* **Provided material**:
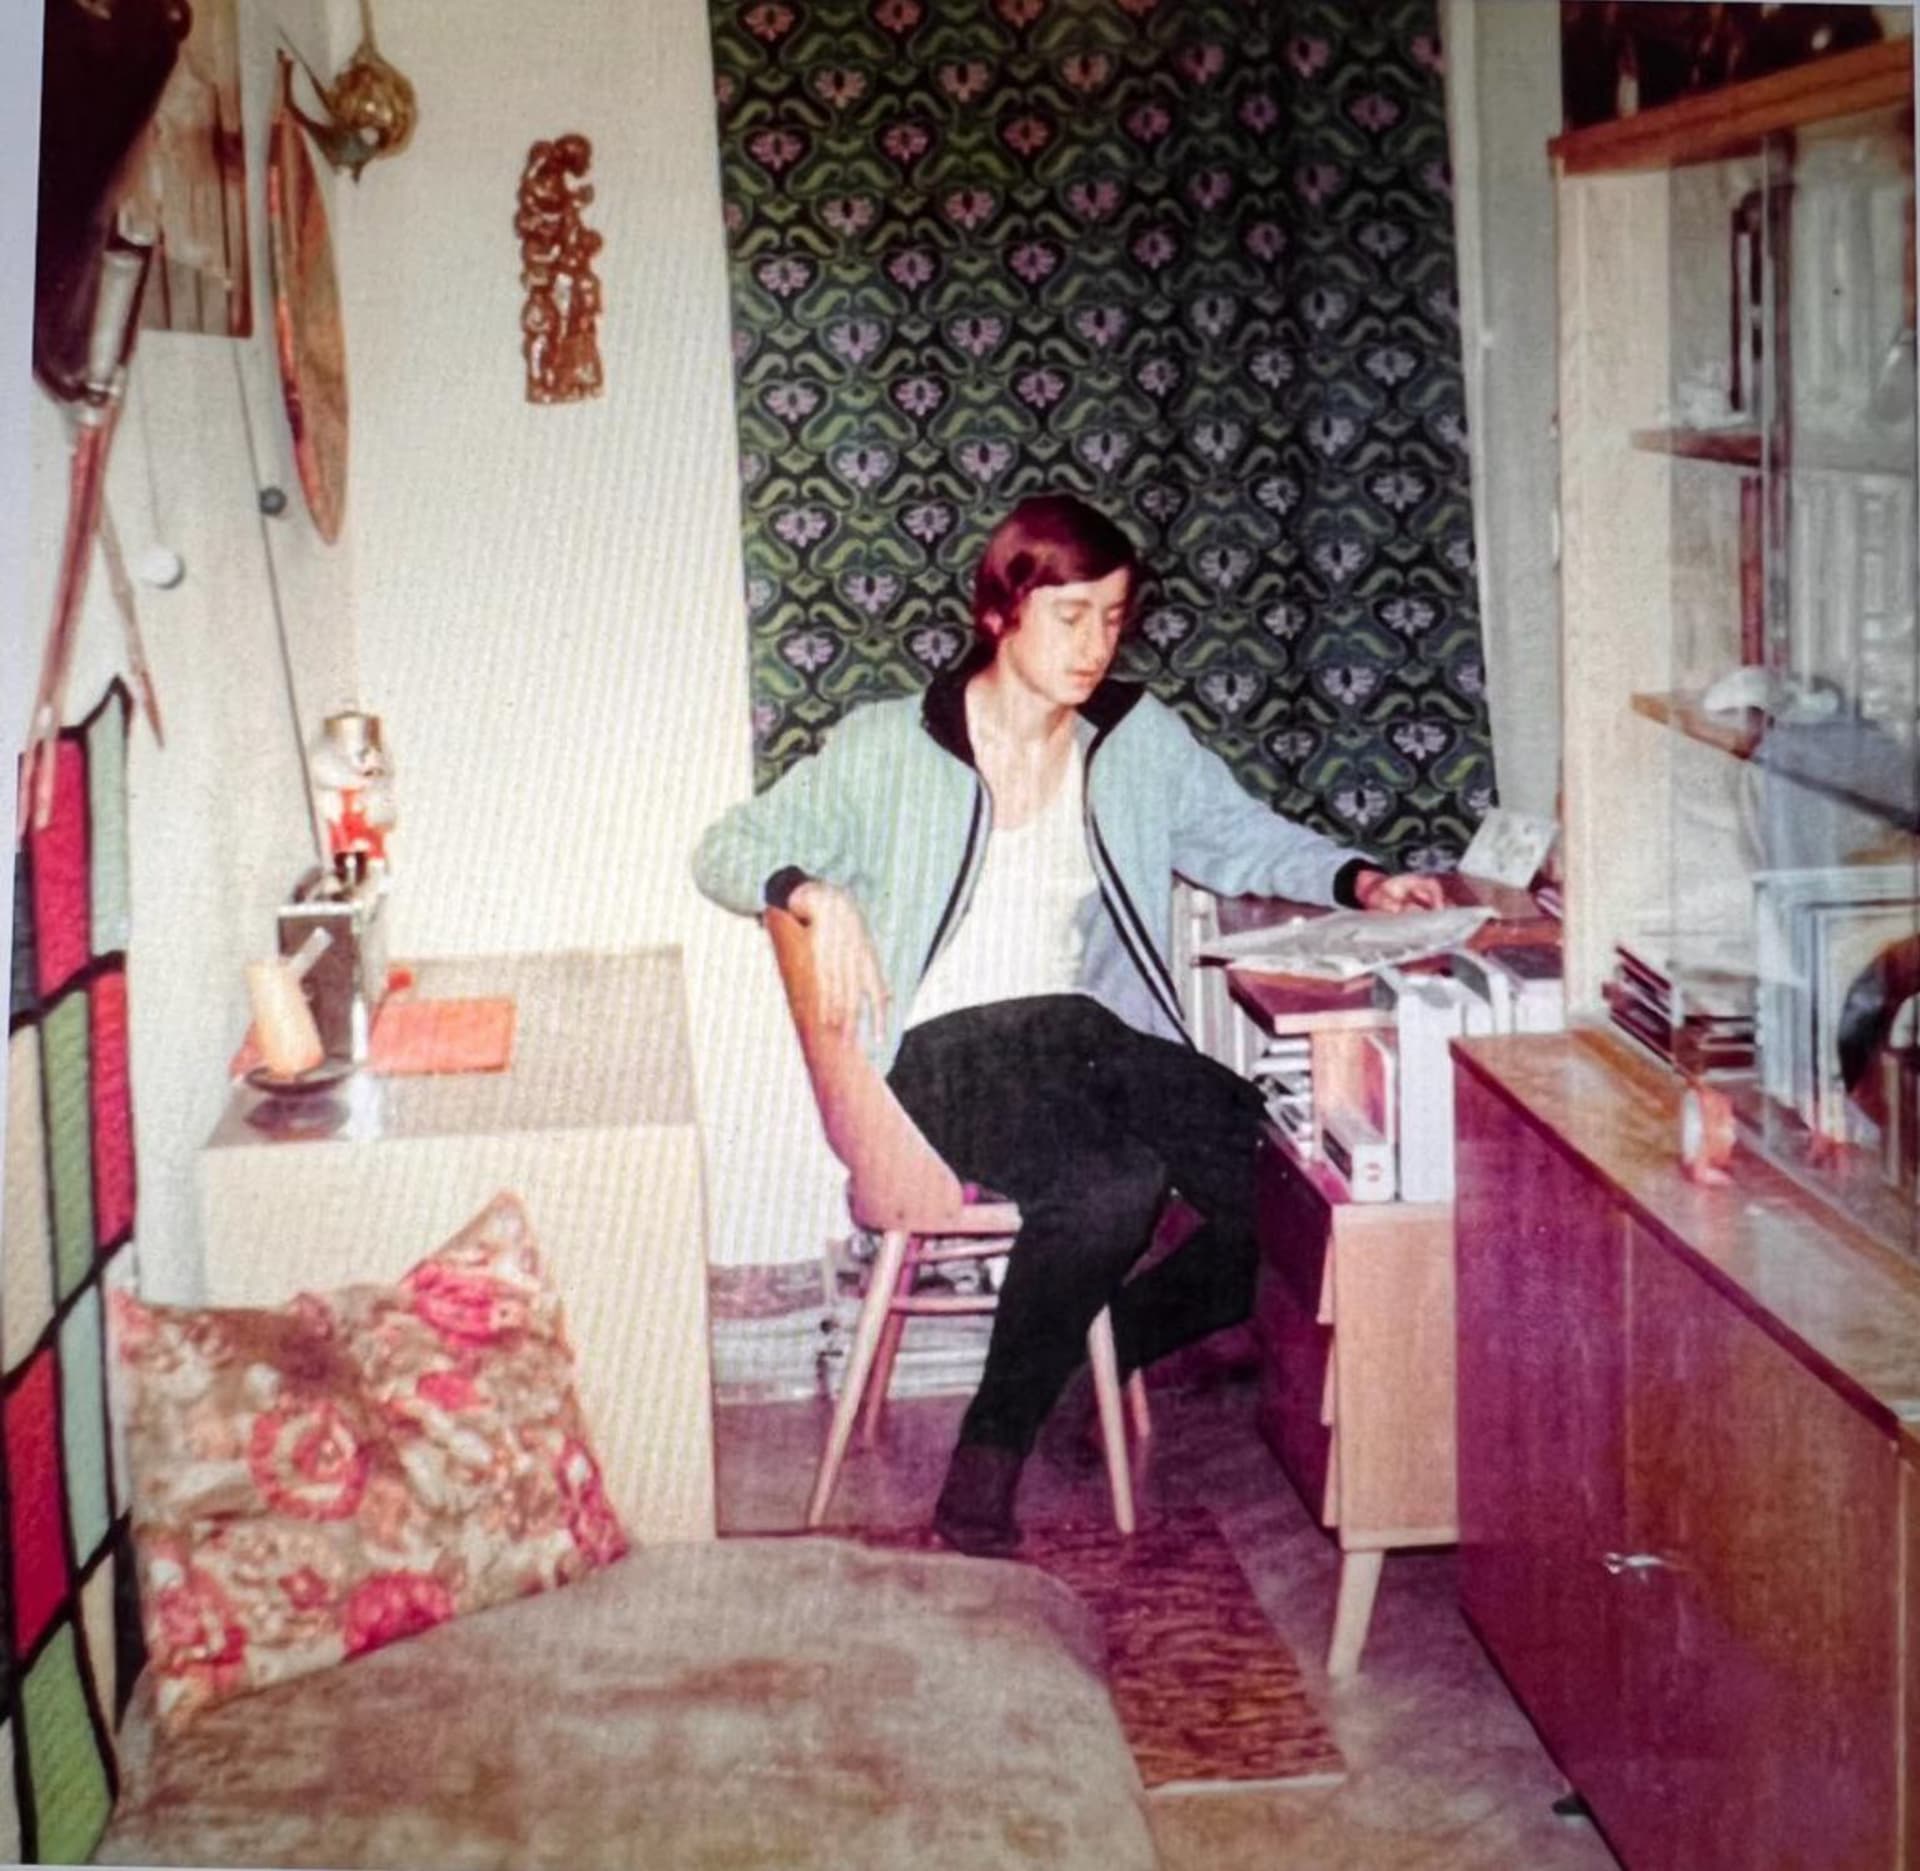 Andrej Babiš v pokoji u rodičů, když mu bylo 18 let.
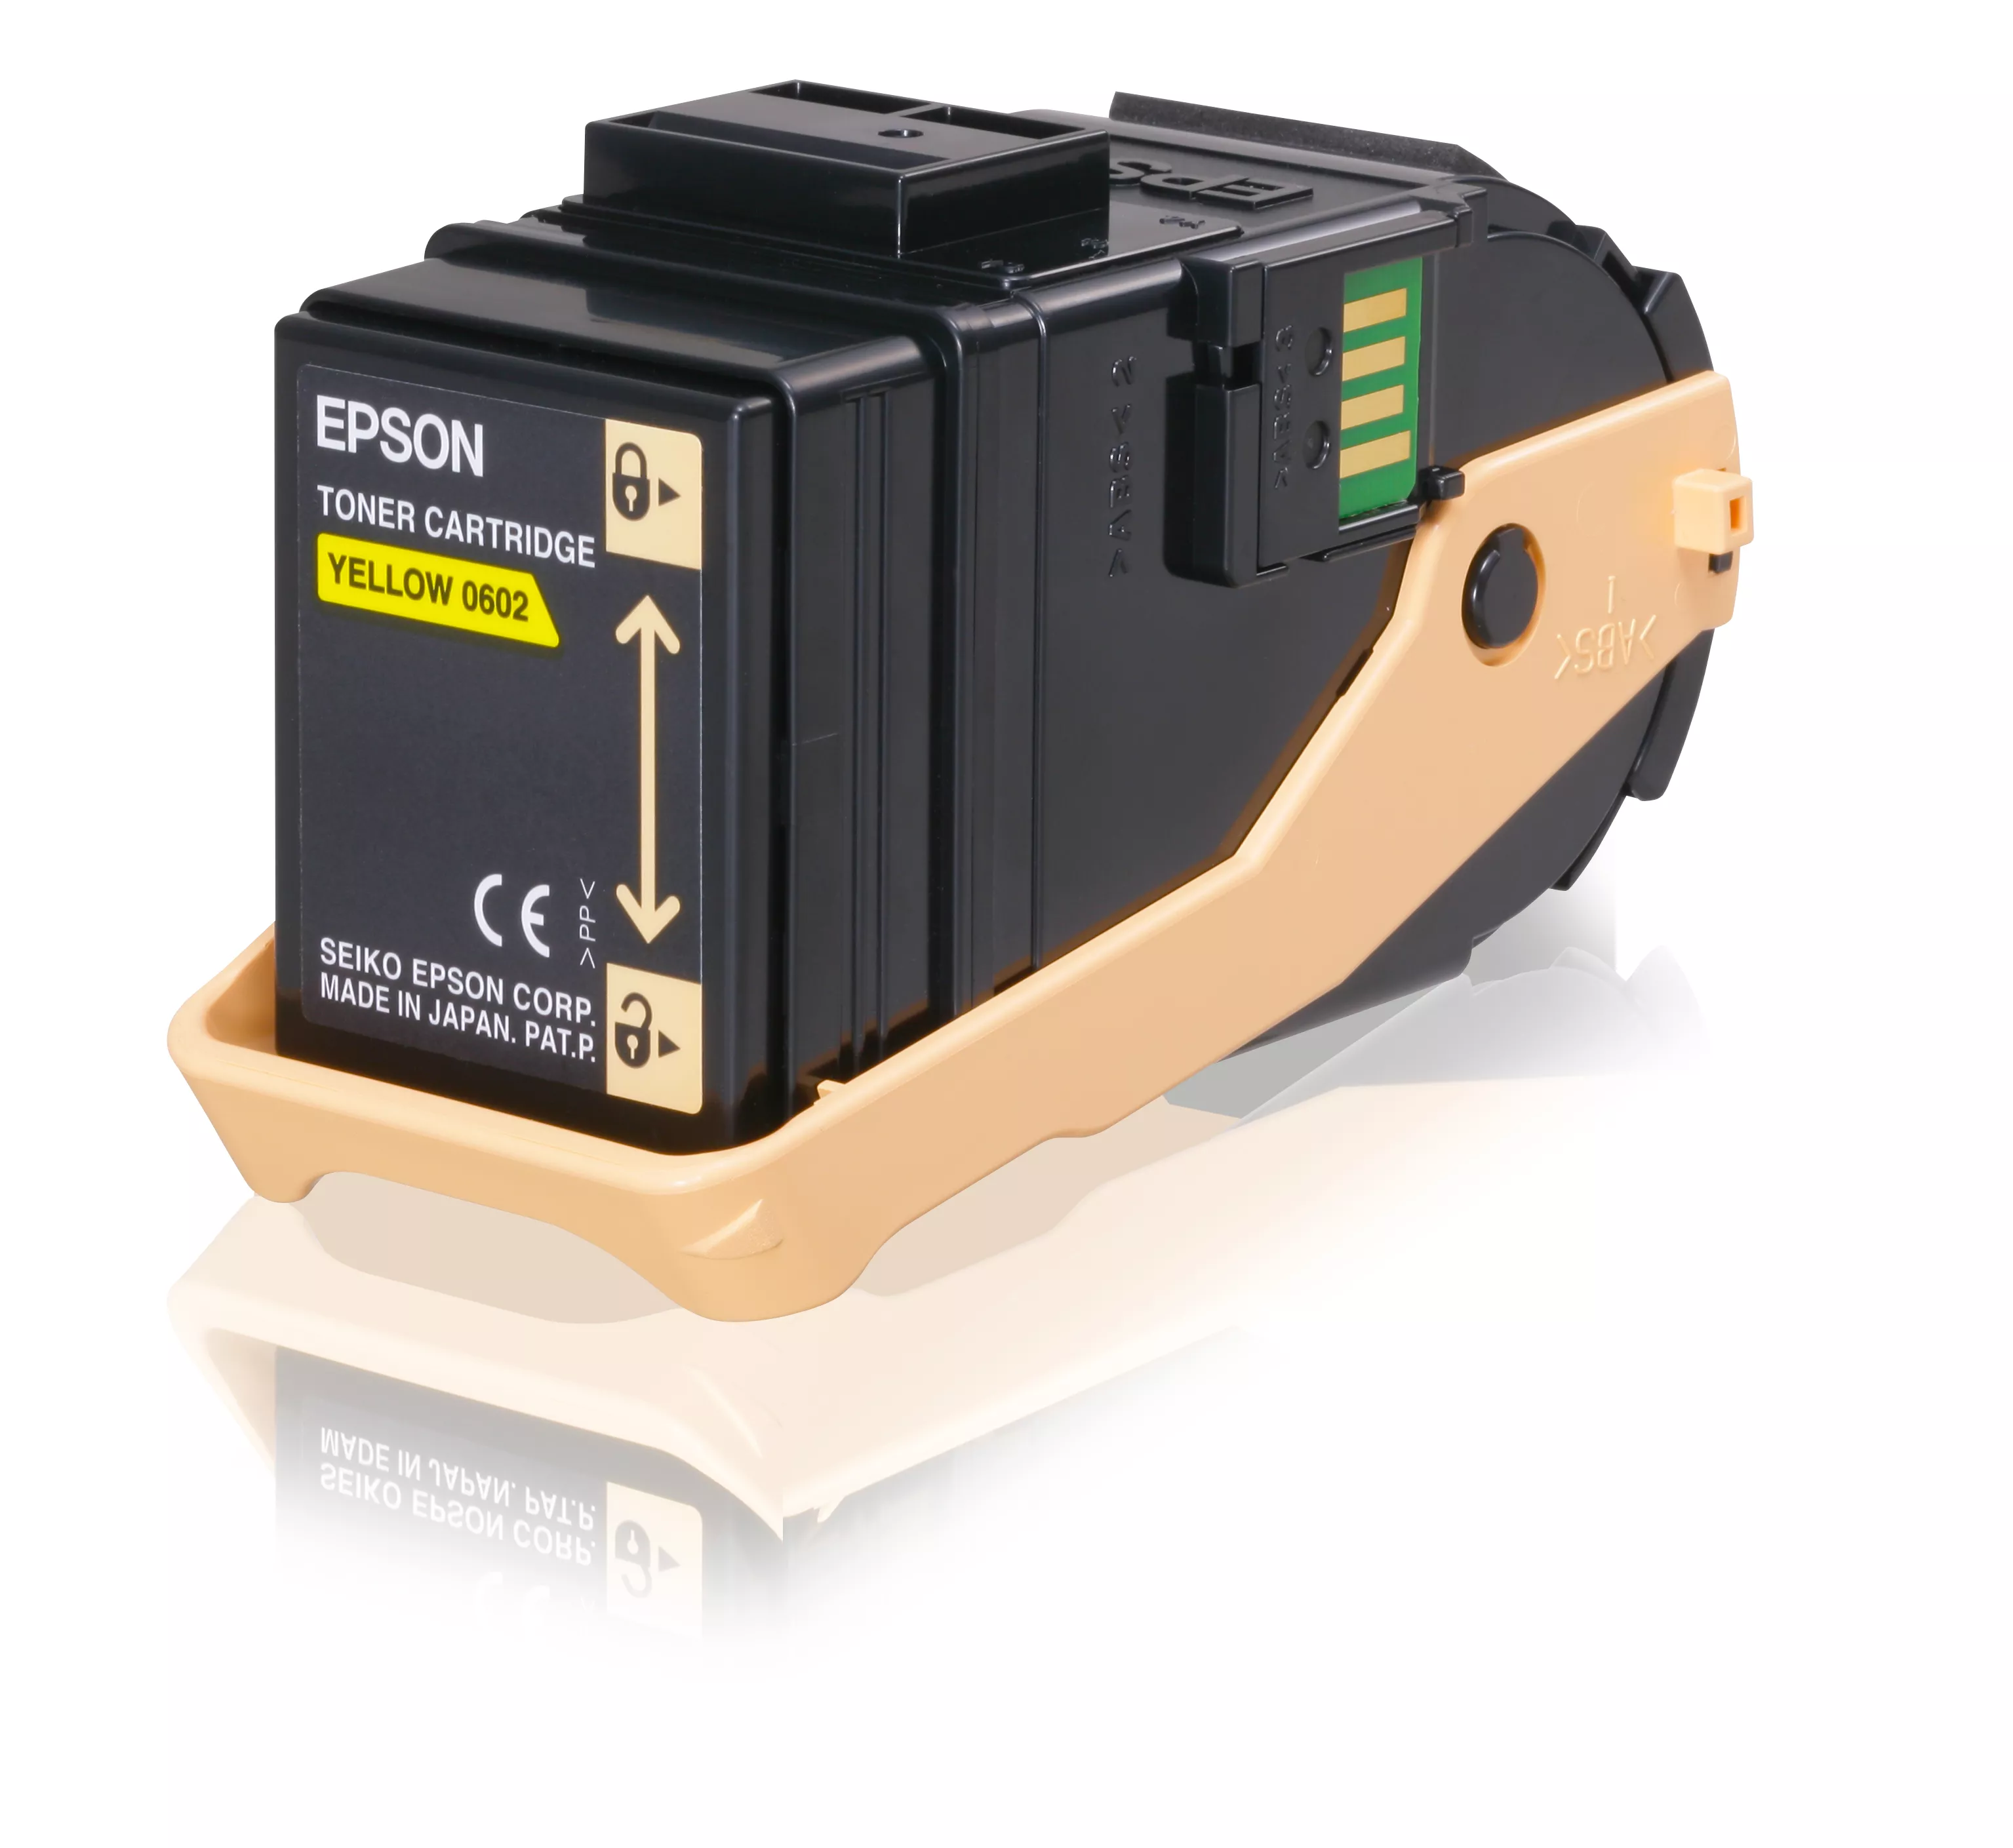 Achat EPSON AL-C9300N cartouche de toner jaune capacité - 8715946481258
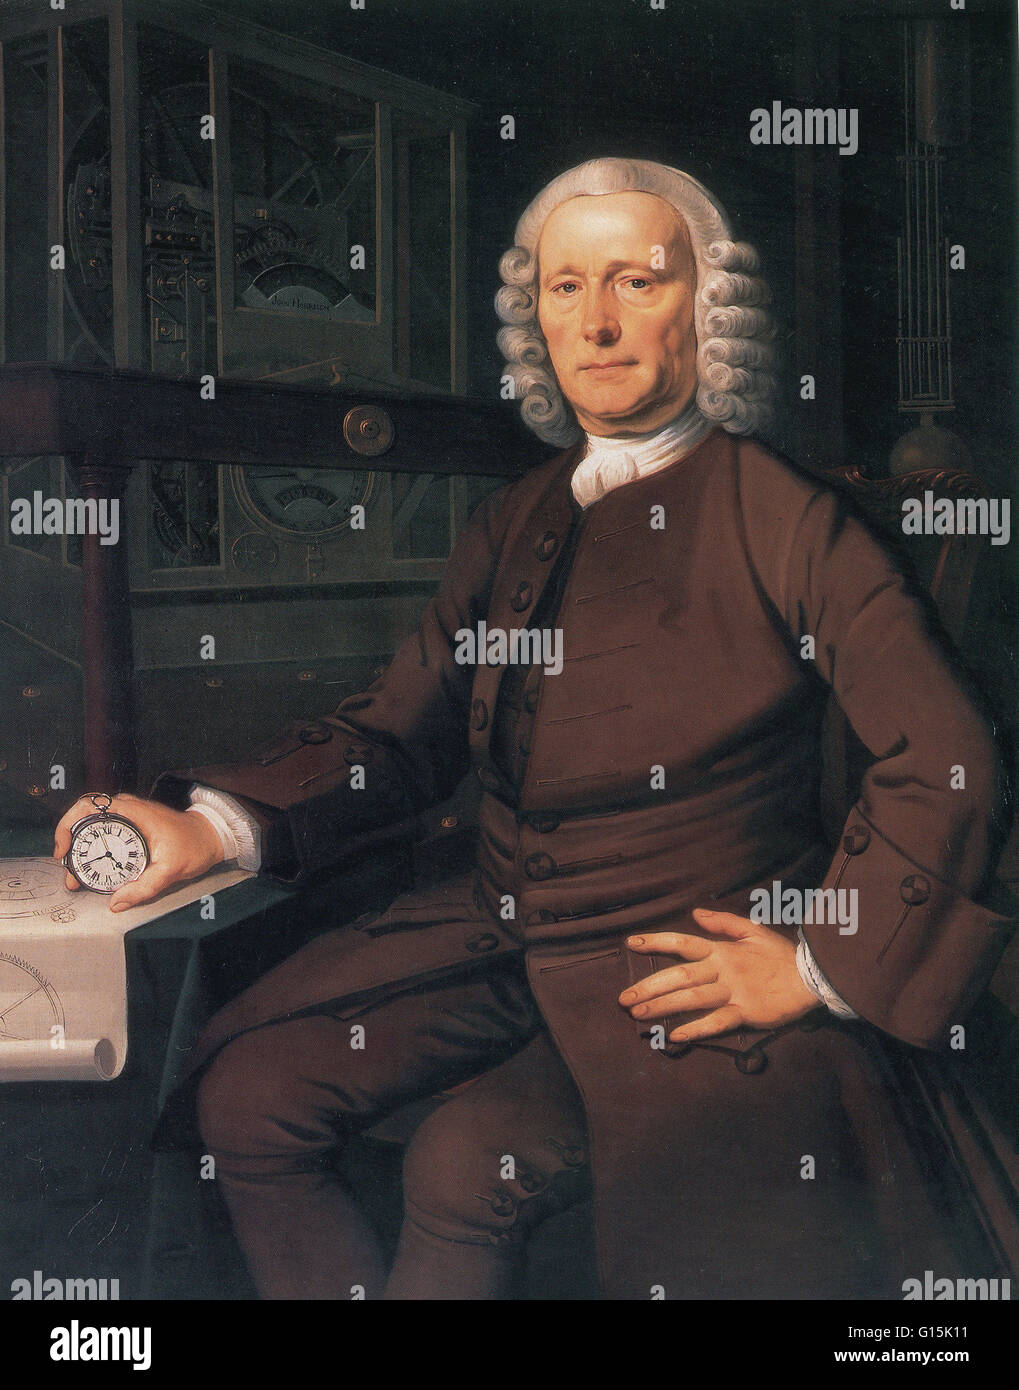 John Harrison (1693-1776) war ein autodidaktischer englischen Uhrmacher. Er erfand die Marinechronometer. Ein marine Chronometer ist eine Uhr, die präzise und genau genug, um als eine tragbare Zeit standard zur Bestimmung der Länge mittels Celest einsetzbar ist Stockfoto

* **Goal of the exercise**: Set the entire listing down again, exact in every line, without any pictures.

* **Worked solution**:
 Andrej Babiš v pokoji u rodičů, když mu bylo 18 let.
 Achat EPSON AL-C9300N cartouche de toner jaune capacité - 8715946481258
 John Harrison (1693-1776) war ein autodidaktischer englischen Uhrmacher. Er erfand die Marinechronometer. Ein marine Chronometer ist eine Uhr, die präzise und genau genug, um als eine tragbare Zeit standard zur Bestimmung der Länge mittels Celest einsetzbar ist Stockfoto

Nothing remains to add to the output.